● **The task**
Type out the listing below exactly. Pictures stay out of it.

● **Data section**

>>>

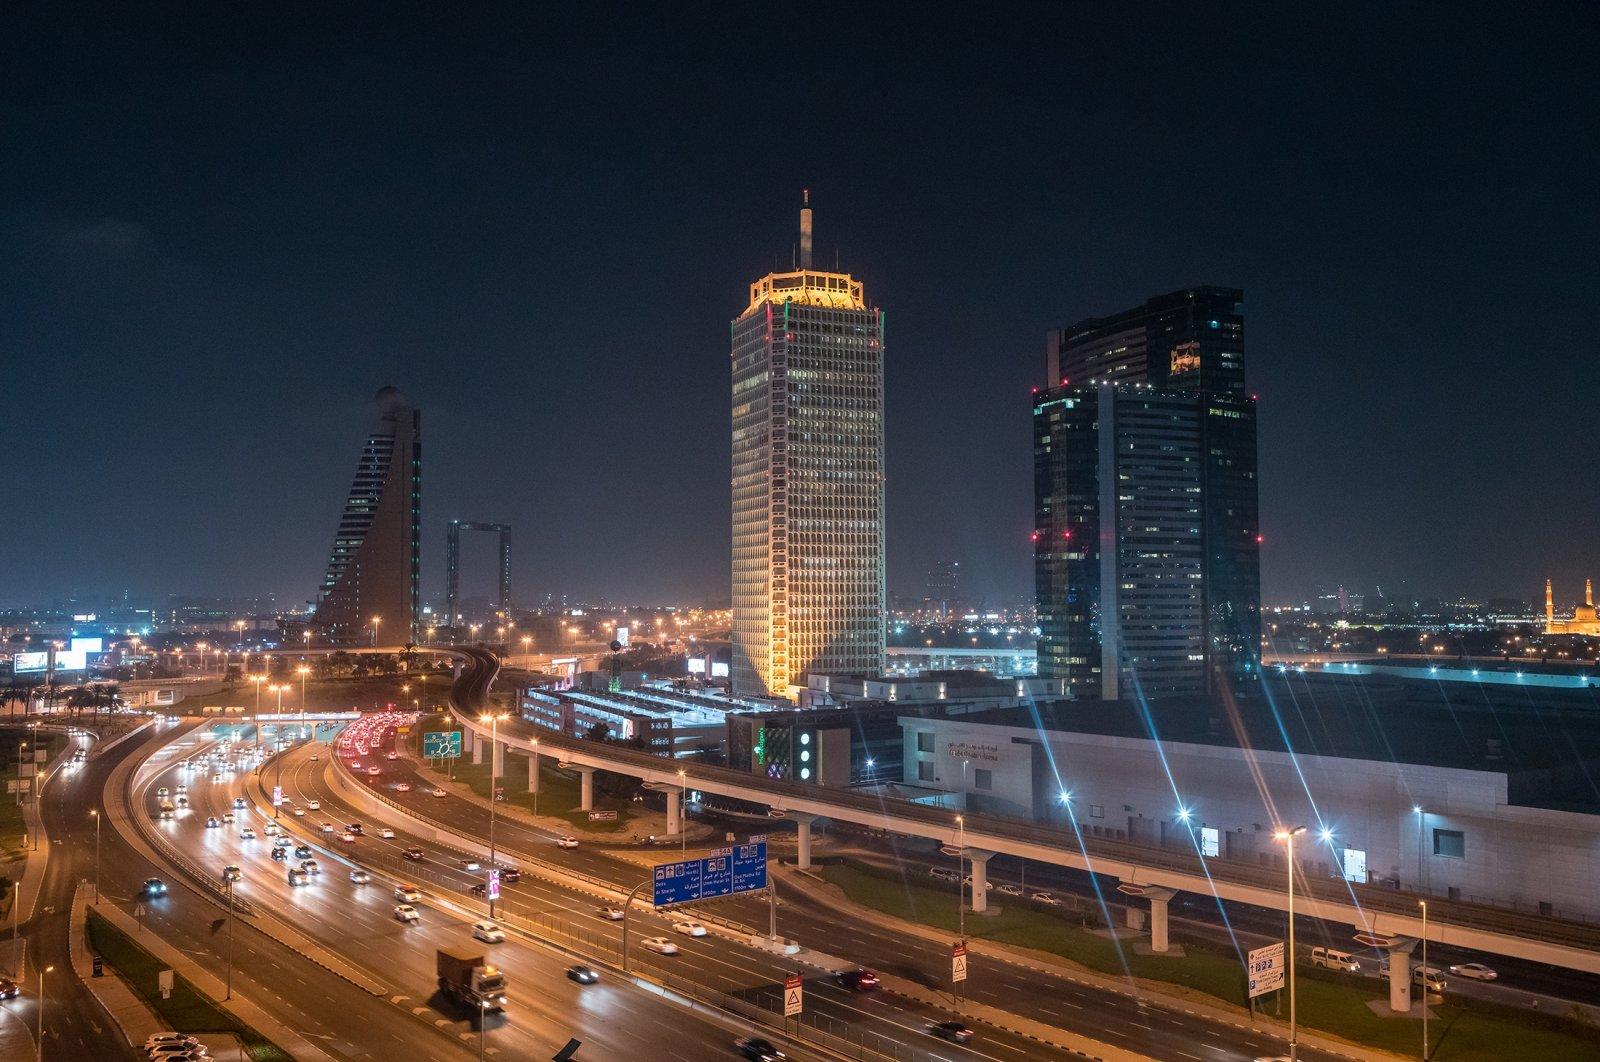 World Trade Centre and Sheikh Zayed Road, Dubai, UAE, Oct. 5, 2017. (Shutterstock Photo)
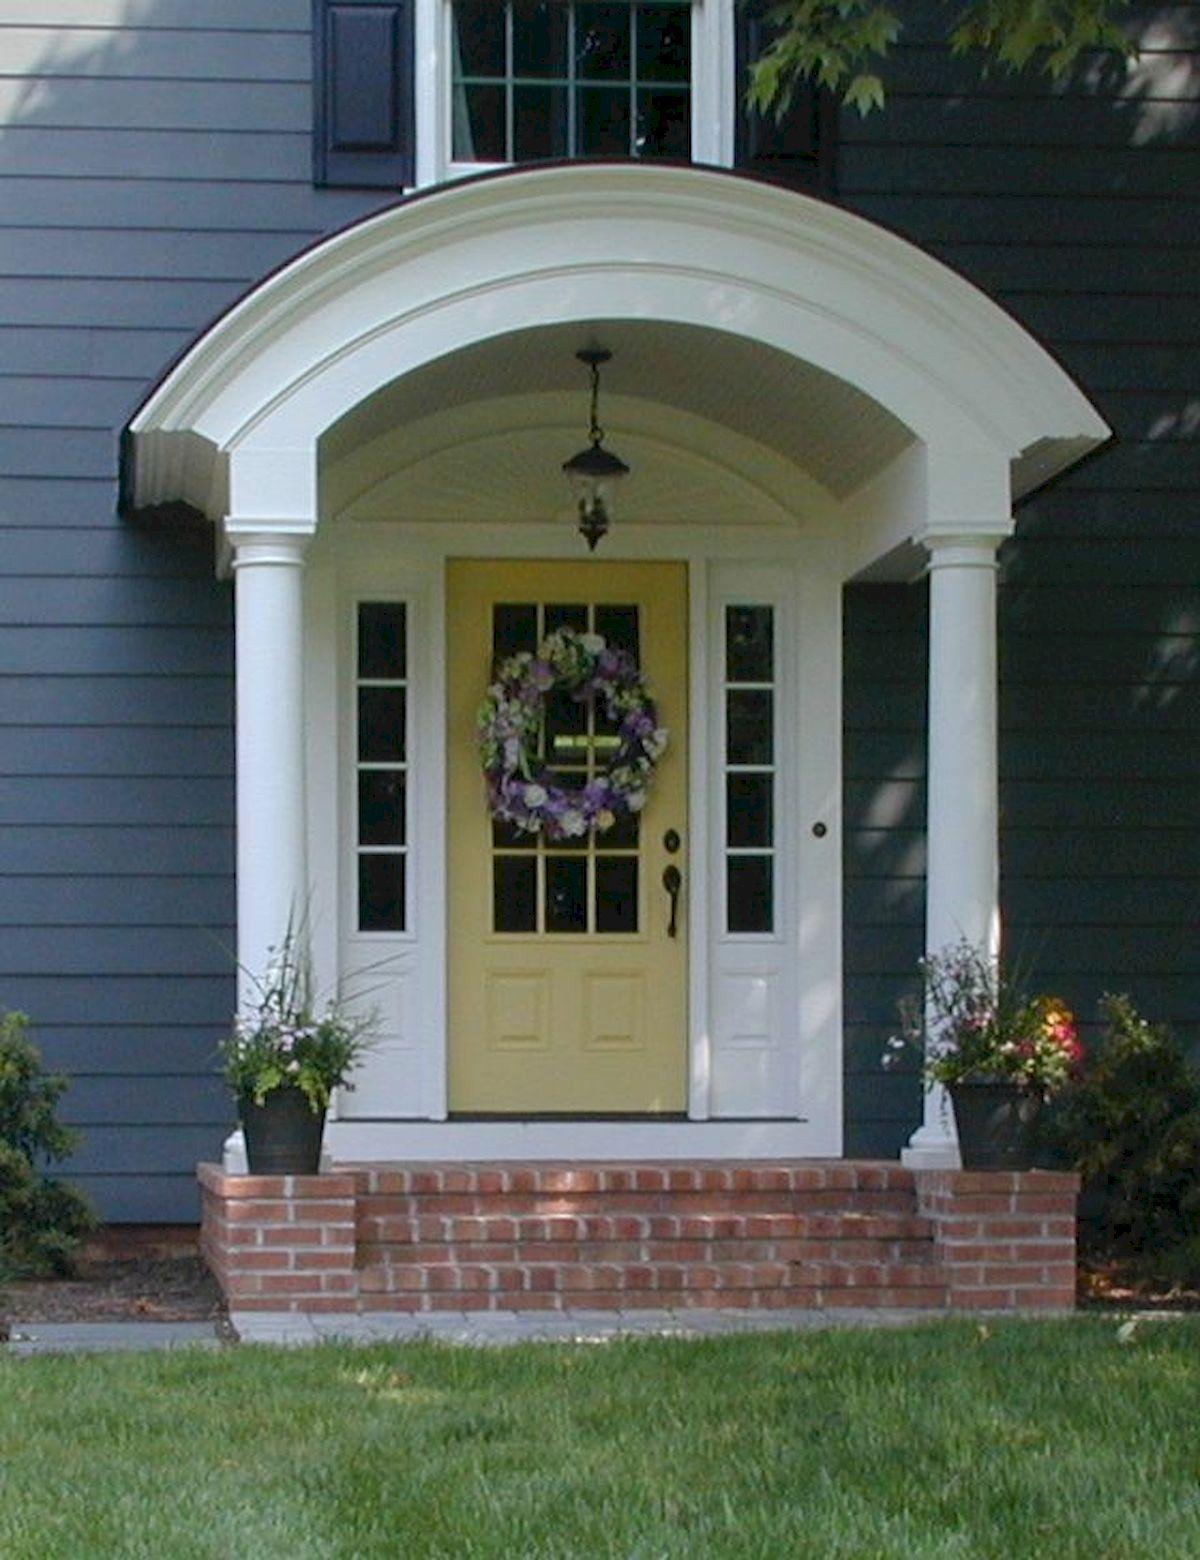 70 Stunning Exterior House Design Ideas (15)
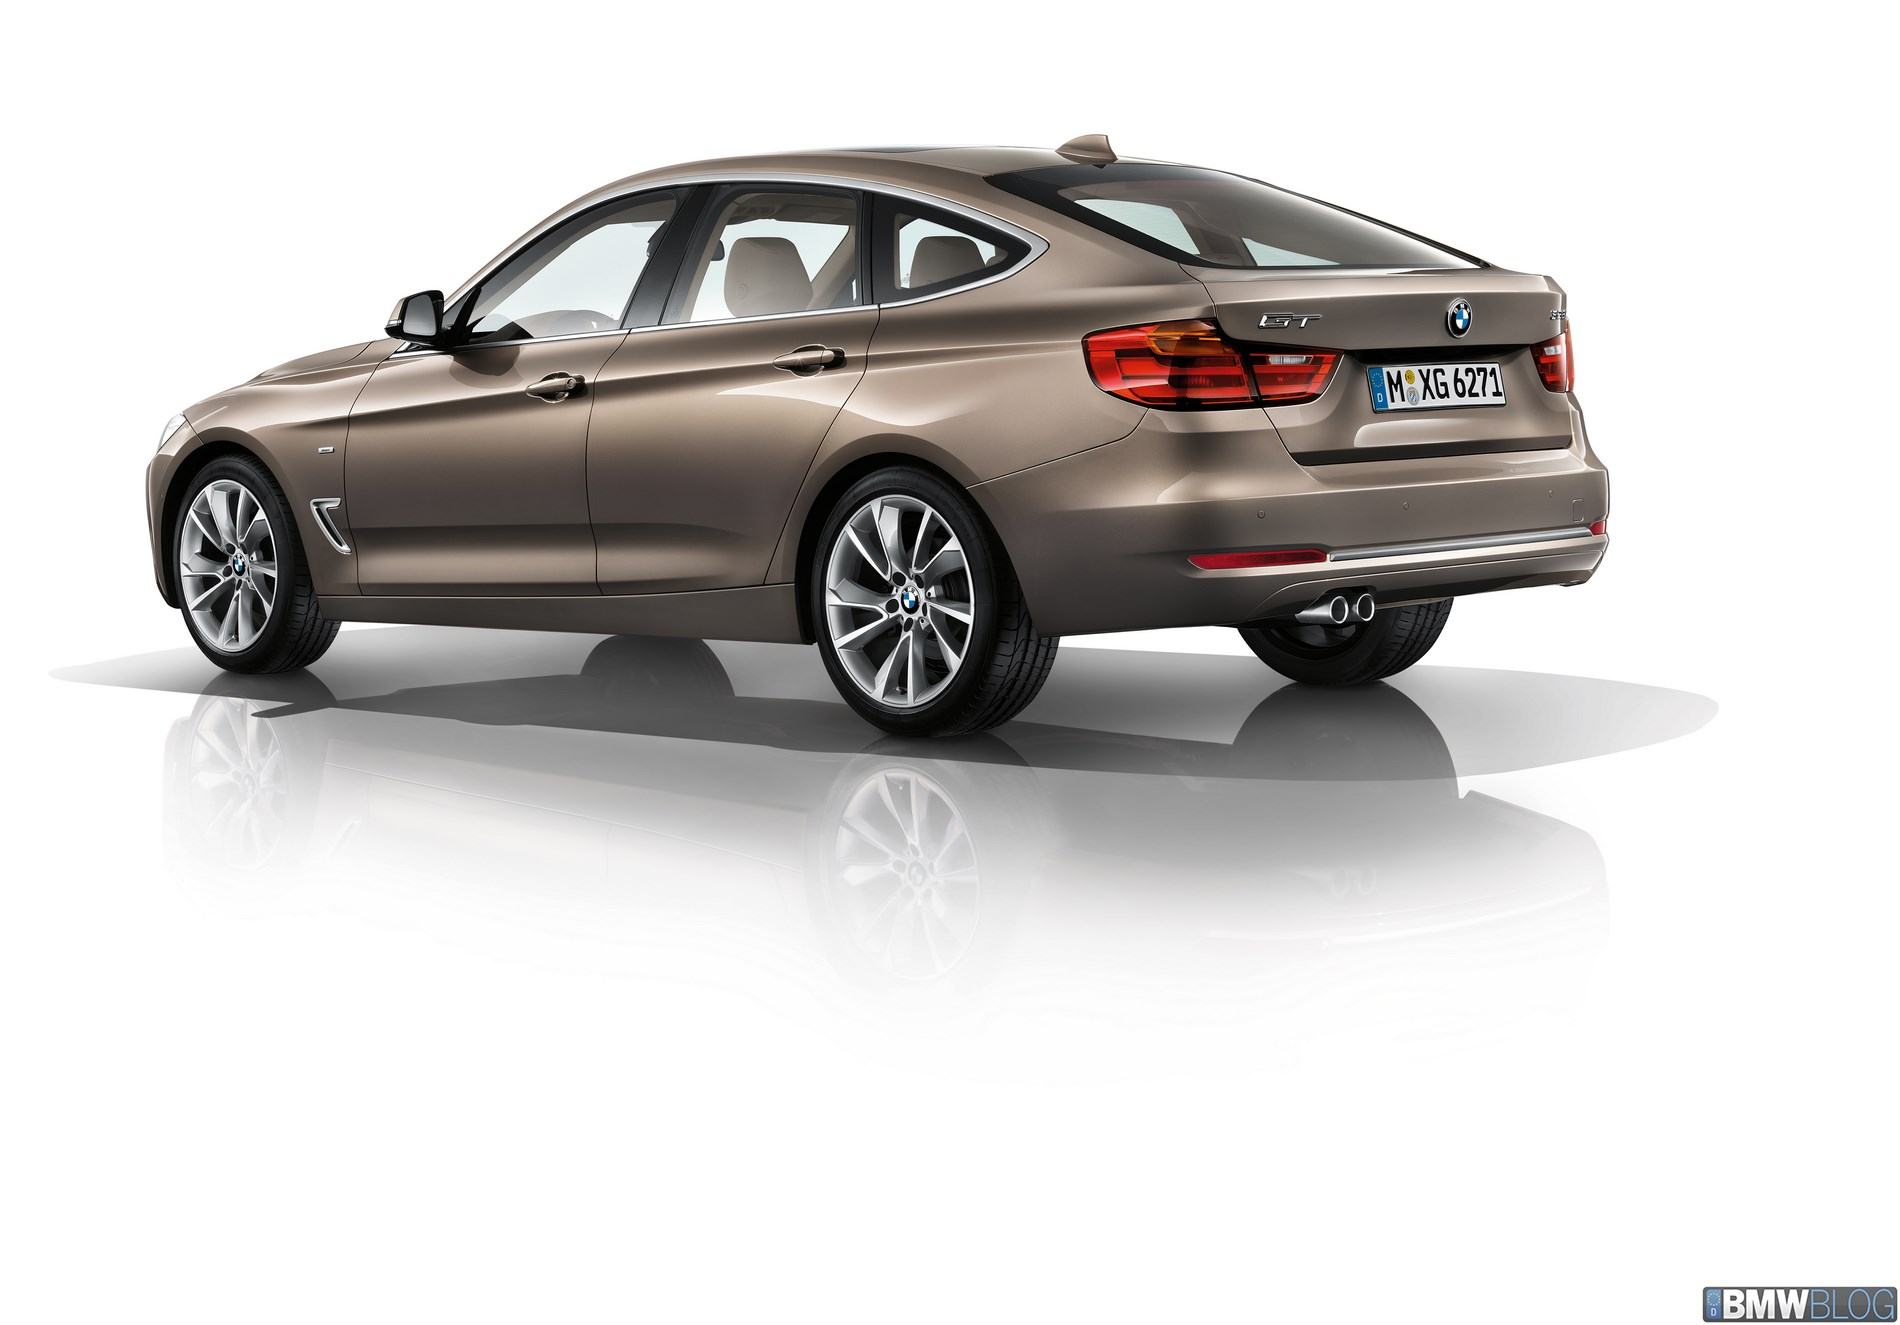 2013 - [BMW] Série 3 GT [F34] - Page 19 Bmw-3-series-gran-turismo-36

<<<

● **Task solution**
 World Trade Centre and Sheikh Zayed Road, Dubai, UAE, Oct. 5, 2017. (Shutterstock Photo)
 70 Stunning Exterior House Design Ideas (15)
 2013 - [BMW] Série 3 GT [F34] - Page 19 Bmw-3-series-gran-turismo-36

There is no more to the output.